Ayala’s firing came after an internal investigation alleged that he had lied to immigration officials when asked May 30 about his brother’s citizenship status. He told a federal agent that his brother, Oscar Ayala-Cornejo, was a Mexican citizen living in Mexico, and that he had not spoken to him for a long time, according to testimony provided by witnesses before the commission Wednesday.

“At that moment in time, I was being a son and brother,” Ayala told commissioners Wednesday night as he pleaded for his job. “I was an immigrant, and it’s hard being an immigrant here.”

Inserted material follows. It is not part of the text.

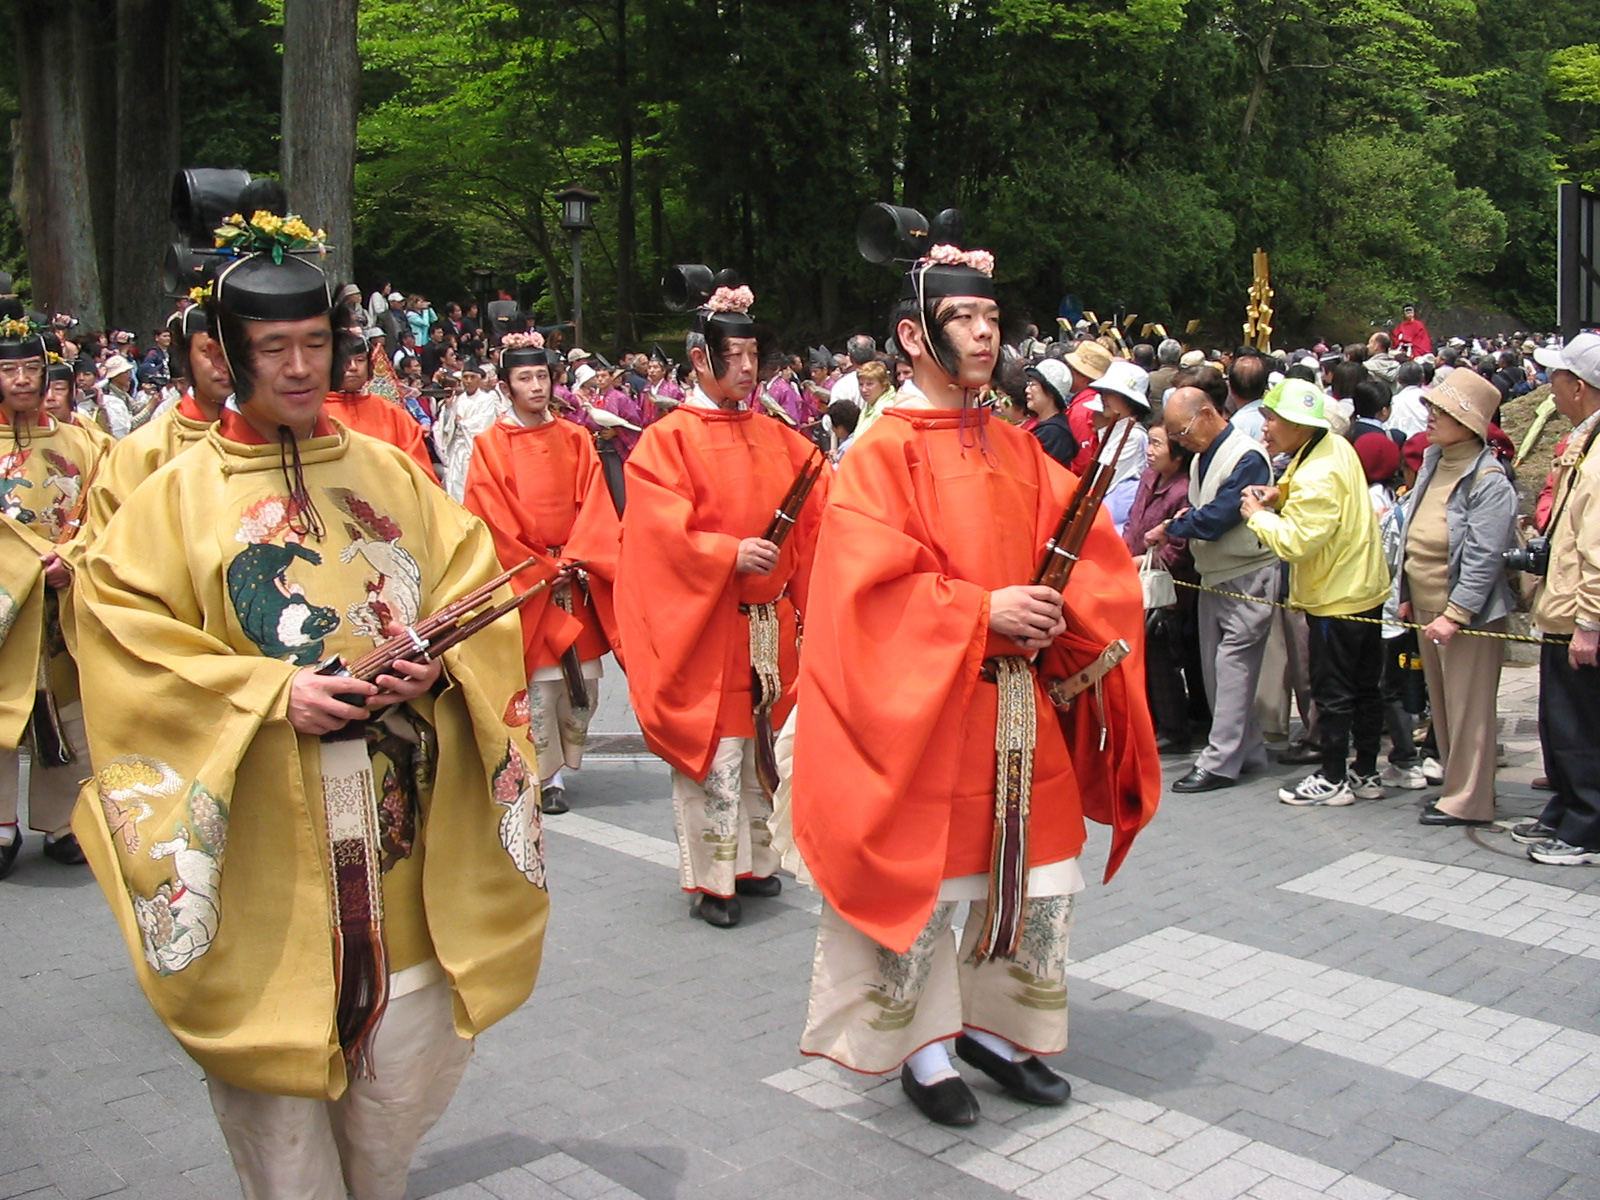 men in tradtional garb and hats with hair on the side

The rule of law takes another hit, or at least the perception does. When you have an accumulation of stories wherein suspects surreptitiously recording their own interrogations catch police detectives perjuring themselves, wherein police patrolmen are caught threatening to make up things to take citizens to jail by dashboard cameras in the citizens’ cars, and wherein police officers are allowed to keep their jobs after lying in an investigation and in supporting lawbreaking by family members, you’re facing an increasing suspicion on the part of the citizens that maybe the law enforcement officials aren’t exactly looking out for the citizens and that, instead of being held to higher standards, are held to lower standards.

Maybe law enforcement professionalism isn’t taking a hit. Perhaps the legislators’ eagerness to add ever-increasing numbers of police to the streets hasn’t actually lowered the standards for recruits or the training thereof. But the perception of rule of law, or lack thereof, will have a certain impact on citizenship, and not a good one.